Martyrs est né d’un concours de circonstances. Pascal Laugier développait avec le producteur et patron d’Eskwad, Richard Grandpierre un projet différent lorsque Manuel Alduy, aujourd’hui Directeur du Cinéma du Groupe Canal+, qui était à la recherche de scénarios de genre pour sa case « French frayeur », se rapprocha d’eux. Leur précédente collaboration fructueuse sur Saint-Ange leur avait donné l’envie de retravailler ensemble. Ils repartent pour une nouvelle aventure.

Pascal Laugier L’écriture a duré 7 mois, 3 versions pour un budget d’un peu plus de 2,5 millions d’euros. Le thème du film est inspiré par l’état d’esprit dans lequel se trouvait le réalisateur, il y a un an et demi. L’idée et le lien qui lui tenaient à cœur étaient de raconter l’histoire d’Anna (Morjana Alaoui) qui est amoureuse de Lucie (Mylène Jampanoï). Une histoire impossible. Pascal Laugier sortait d’une expérience similaire : « J’étais à un passage de ma vie très compliqué, très noir. Des choses autour de moi m’asphyxiaient. Certaines histoires d’amour vous tuent. Vous tombez désespérément amoureux de personnes dont vous sentez qu’elles vont vous emmener à votre propre mort. Vous êtes incapables de bouger. Et vous devez mourir pour pouvoir quitter cette histoire. Martyrs est un film sentimental, je l’ai écrit d’une manière mélodramatique, sans aucune réflexion, ni autocitation, ni référence. Je l’ai perçu comme un moyen d’en parler au premier degré, sans rien laisser hors champs. Quand on manipule un matériel aussi délicat et fragile que la torture et le traumatisme des enfants, bien évidemment, j’ai réfléchi et j’ai analysé le matériel. Aujourd’hui, j’assume et je signe chaque plan et chaque ligne du scénario ».

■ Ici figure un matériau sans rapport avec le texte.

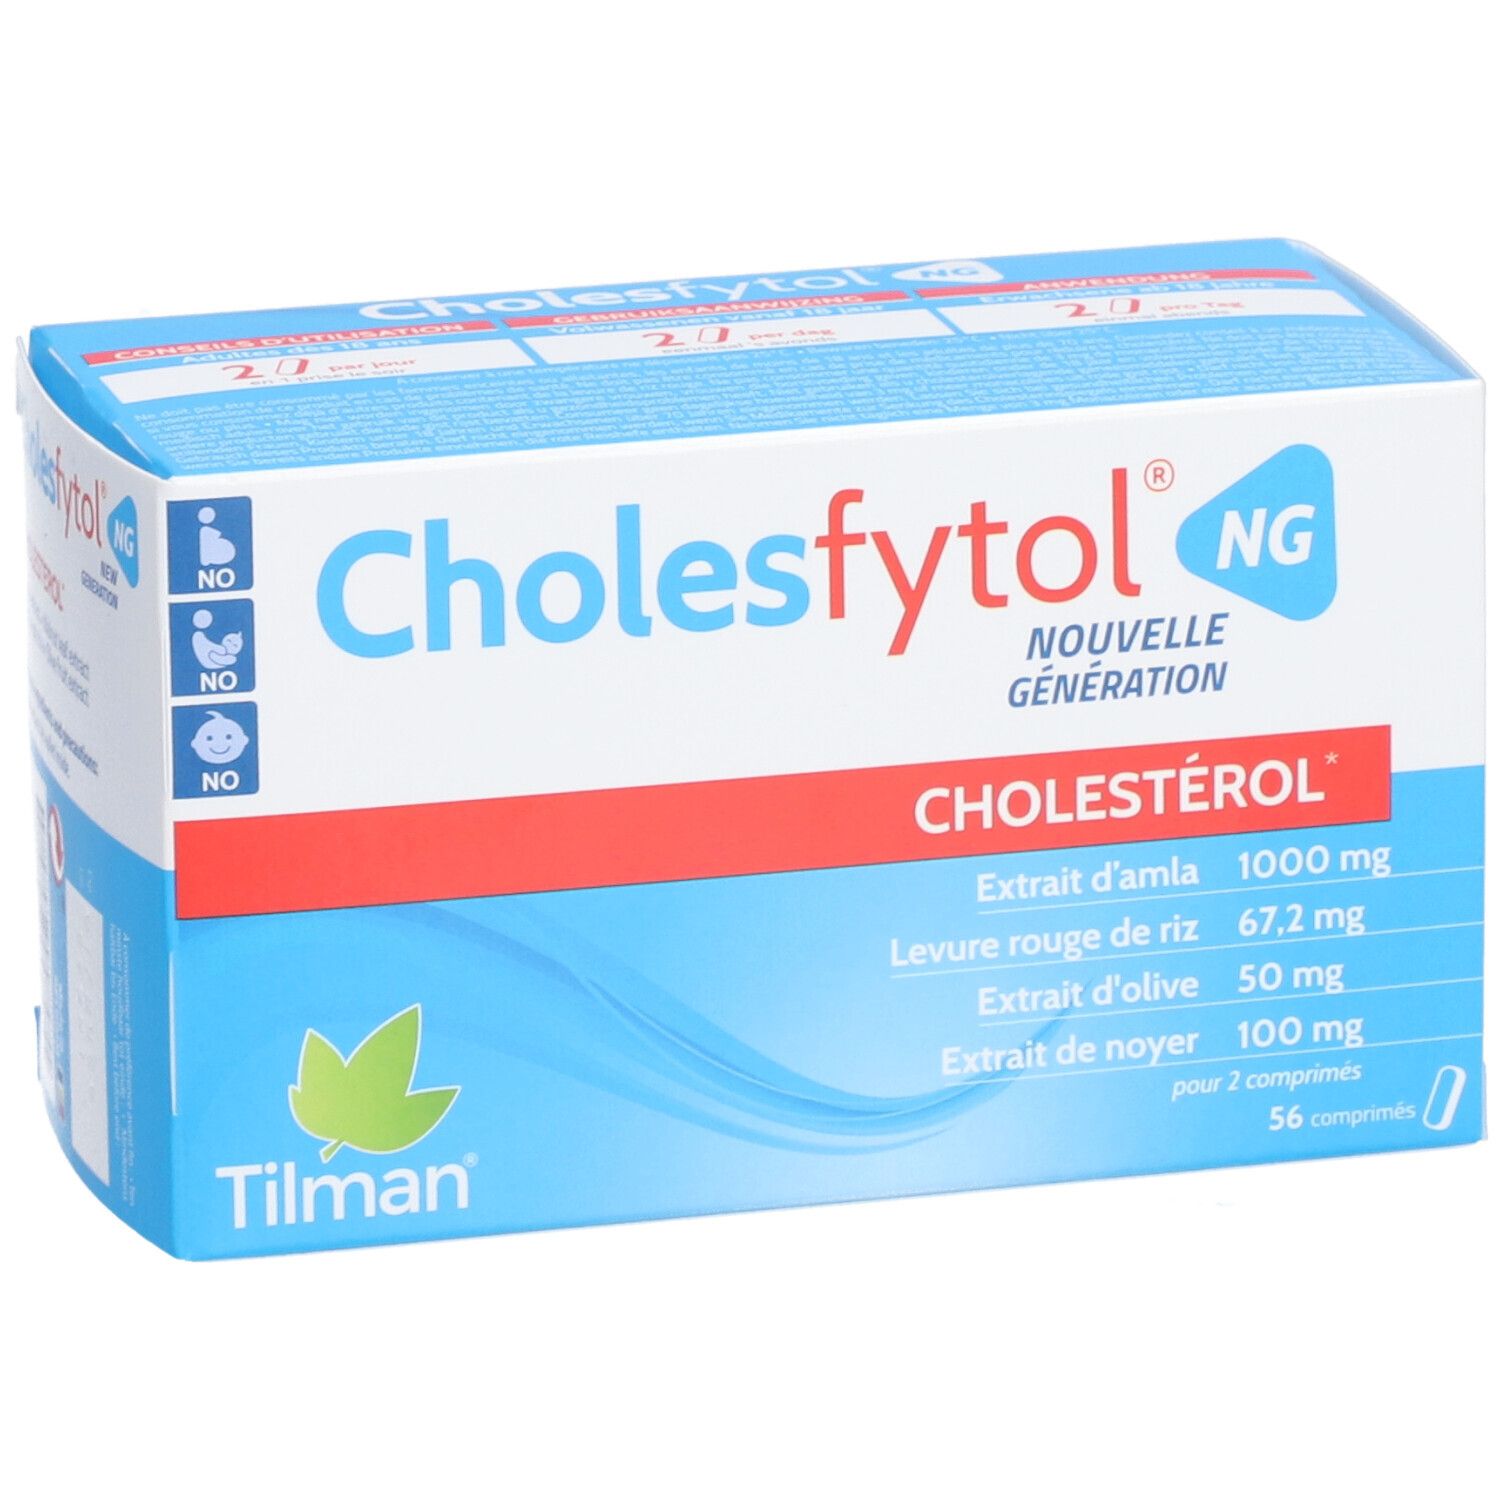 Tilman® Cholesfytol® NG

La première scène que le cinéaste avait en tête : « Une fille tape à la porte d’une famille française qui prend son petit-déjeuner un dimanche matin et lorsque le père ouvre, elle abat tout le monde à coups de fusil de chasse ». Il s’est ensuite posé la question : pourquoi fait-elle cela ? Il est allé en amont et en aval du scénario et l’histoire s’est déroulée instinctivement.

Un film totalement visuel, avec soixante lignes de dialogues tout au plus, qui se décompose en 3 actes. La volonté de Pascal Laugier était que le spectateur ne devait pas avoir 5 minutes d’avance sur le scénario. Il égrène ainsi un certain nombre de questions et les réponses sont données tout au long du film jusqu’au 3ème acte, inattendu, extrêmement dur, déstabilisant et bouleversant.

Le tournage à Montréal a duré une quarantaine de jours, en grande partie en studio. Il fut difficile et extrême : « Martyrs est un film très organique », explique Pascal Laugier. Mylène Jampanoï devait pleurer et hurler tous les jours pendant 12 heures d’affilée. C’était un investissement physique et d’énergie intense. Quand elle était prête, il fallait que tout soit prêt pour filmer la scène.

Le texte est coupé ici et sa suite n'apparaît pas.